Continuous and discrete mathematical models of tumor-induced angiogenesis (Q1286861)

Angiogenesis is the formation of blood vessels whereby capillary sprouts are formed in response to chemical stimuli. Subsequently they grow, develop and organize themselves into a dendritic structure. A continuous and a discrete probabilistic mathematical model is presented for tumor-induced angiogenesis focussing on three important variables, the endothelial-cell density \(n\), the tumor angiogenic factor (TAF) concentration \(c\), and the fibronectin \(f\).
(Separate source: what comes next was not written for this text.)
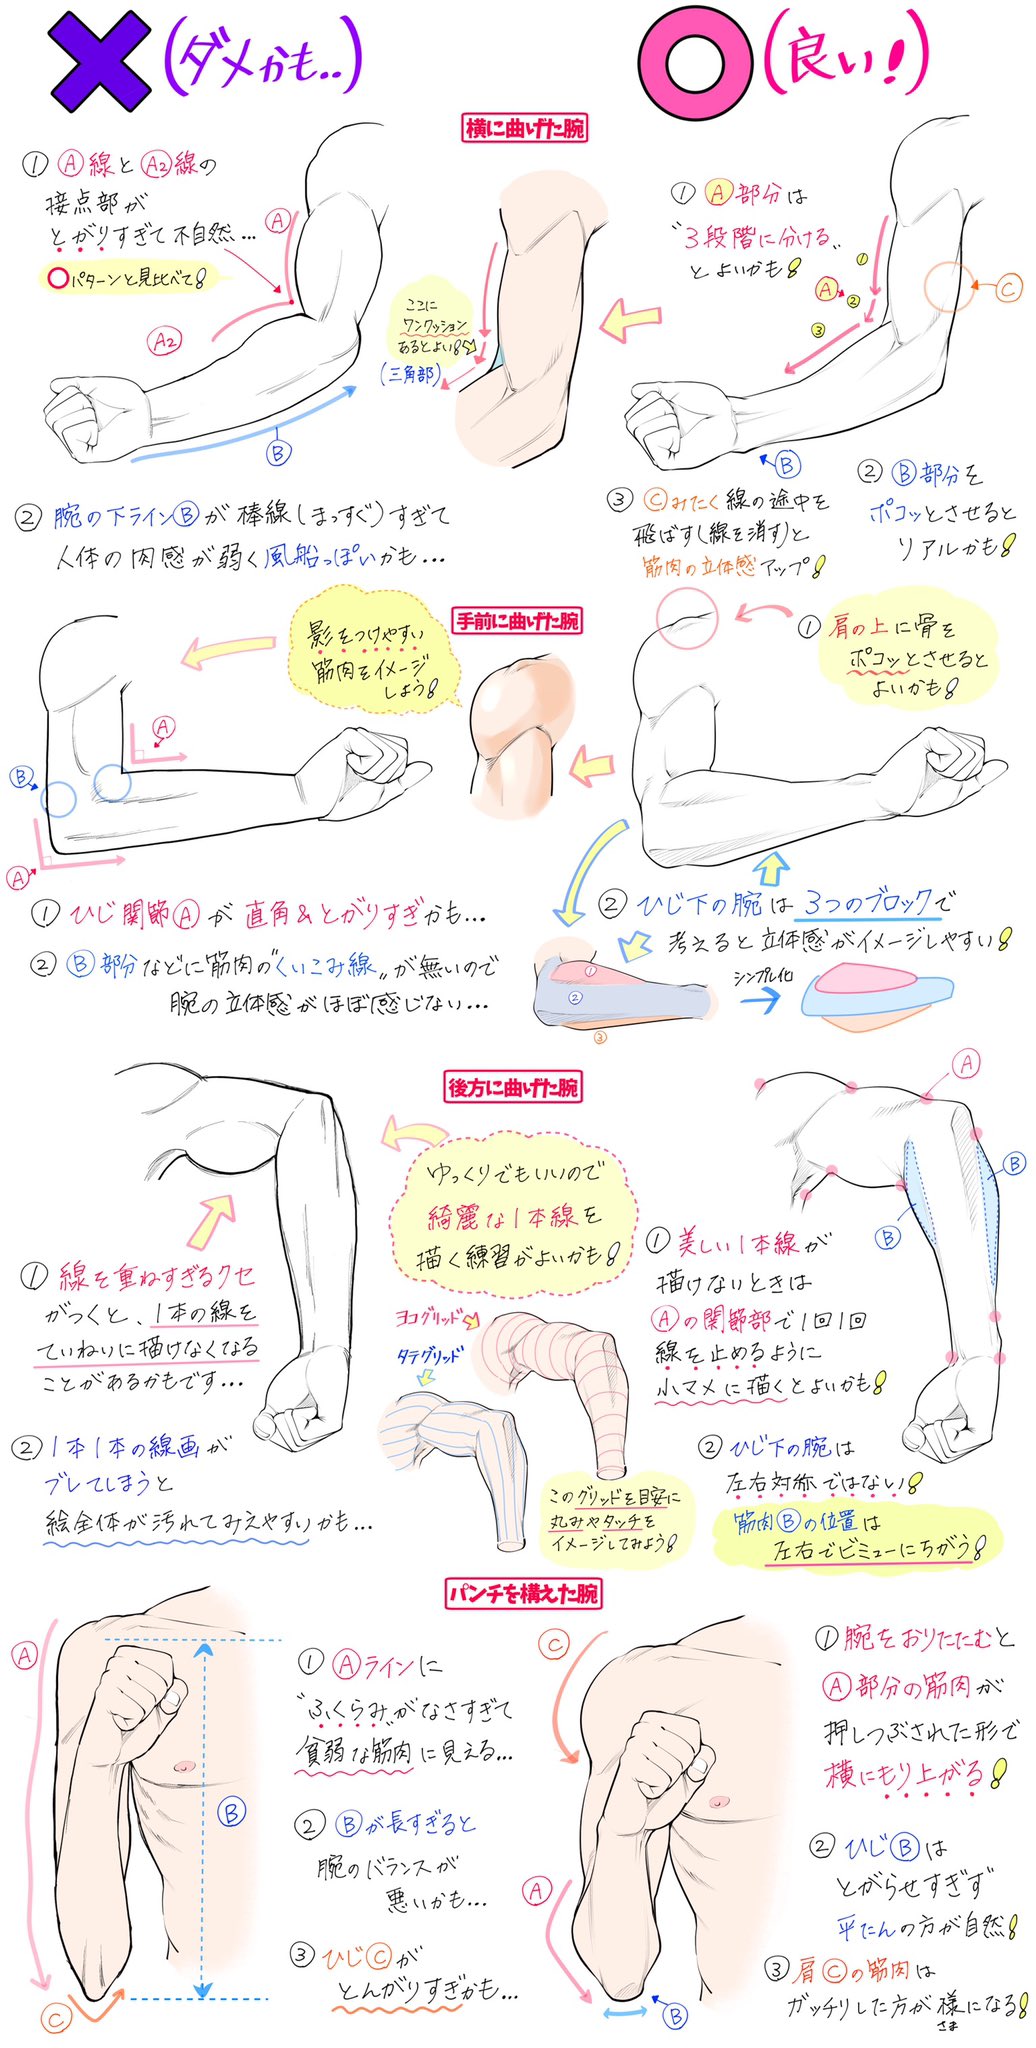 吉村拓也 イラスト講座 腕の筋肉 が上達するための 下手に見えやすい点 上手に見えやすい点 講座が細長いのでタップお薦め

The continuous model is presented as a system of three coupled nonlinear partial differential equations with a no-flux boundary condition where the density \(n\) is given as \[ \partial n/\partial t=\text{ random motility -- chemotaxis -- hepatotaxis} \] \[ \partial f/\partial t=\beta n-\gamma nf,\quad\partial c/\partial t=\eta n c. \] The aims of the model are to examine the relative importance of chemotaxis and haptotaxis in governing the migration of the endothelial cells, to examine capillary network formation with and without proliferation of endothelial cells, and to produce theoretical capillary network structures, from a model based on sound physiological principles with realistic parameter values, which are morphologically similar to those observed in vivo. It is possible to analyze these computed structures for quantitative information such as network expansion rates, loop formation and overall network architecture. Numerical solutions are obtained from a finite approximation of the system with biologically based boundary and initial conditions. The spatiotemporal evolution of the endothelial cell density and fibronectin uptake is determined from numerical simulation under a variety of chemotaxis/hepatotaxis scenarios producing a wide range of spatiotemporal behavior. On the basis of this continuous model and using the Euler finite difference approximation the authors formulate a discrete model and derive movement probabilities for an individual endothelial cell located at a sprout tip. New capillary sprouts are generated by the branching and the fusion of sprouts by anastomosis. The such fully discretized model is then again simulated to describe the spatiotemporal evolution of the capillary network permitting now the tracking of individual endothelial cells.